要加载GPT-J的float32版本，至少需要2倍模型大小的RAM：1倍用于初始权重，另1倍用于加载检查点。因此，对于GPT-J来说，仅加载模型就需要至少48GB的RAM。为了减少RAM的使用，有几种选择。torch_dtype参数可以用于仅在CUDA设备上以半精度初始化模型。还有一个fp16分支，它存储了fp16权重，可以进一步最小化RAM的使用：

>>> from transformers import GPTJForCausalLM
>>> import torch

>>> device = "cuda"
>>> model = GPTJForCausalLM.from_pretrained(
...     "EleutherAI/gpt-j-6B",
...     revision="float16",
...     torch_dtype=torch.float16,
... ).to(device)

模型应适合在16GB GPU上进行推理。对于训练/微调，它将需要更多的GPU内存。例如，Adam优化器会创建模型的四个副本：模型、梯度、梯度的平均值和梯度的平方平均值。
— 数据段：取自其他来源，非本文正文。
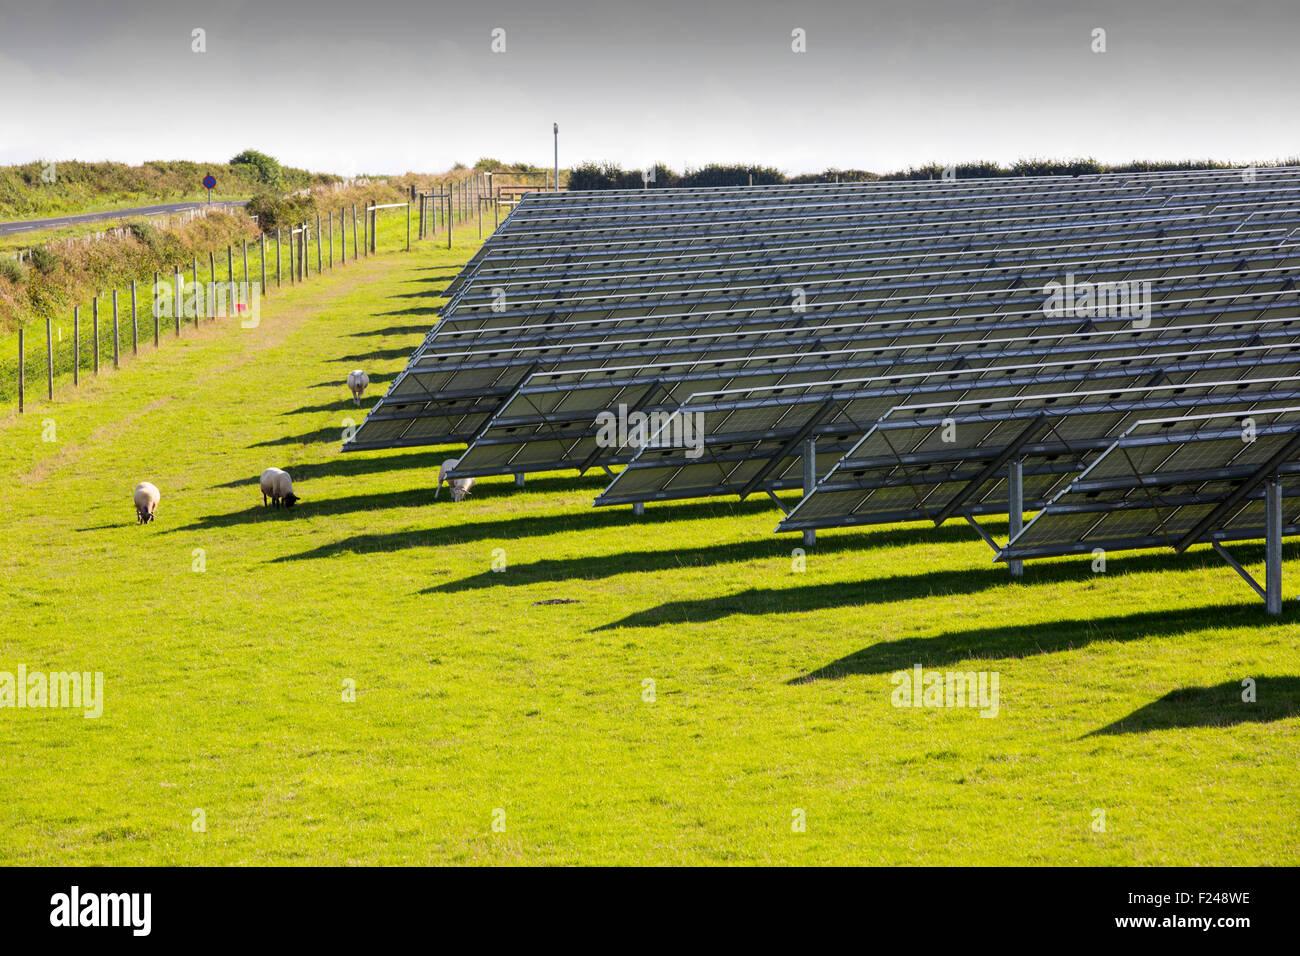 A farm based solar plant near wadebridge, Cornwall, UK, - Stock Image

因此，即使使用混合精度，由于梯度更新是在fp32中进行的，它至少需要4倍模型大小的GPU内存。这还不包括激活和数据批次，这些将再次需要更多的GPU内存。因此，应该探索诸如DeepSpeed之类的解决方案来训练/微调模型。另一个选择是使用原始代码库在TPU上训练/微调模型，然后将模型转换为Transformers格式进行推理。相关说明可以在这里找到。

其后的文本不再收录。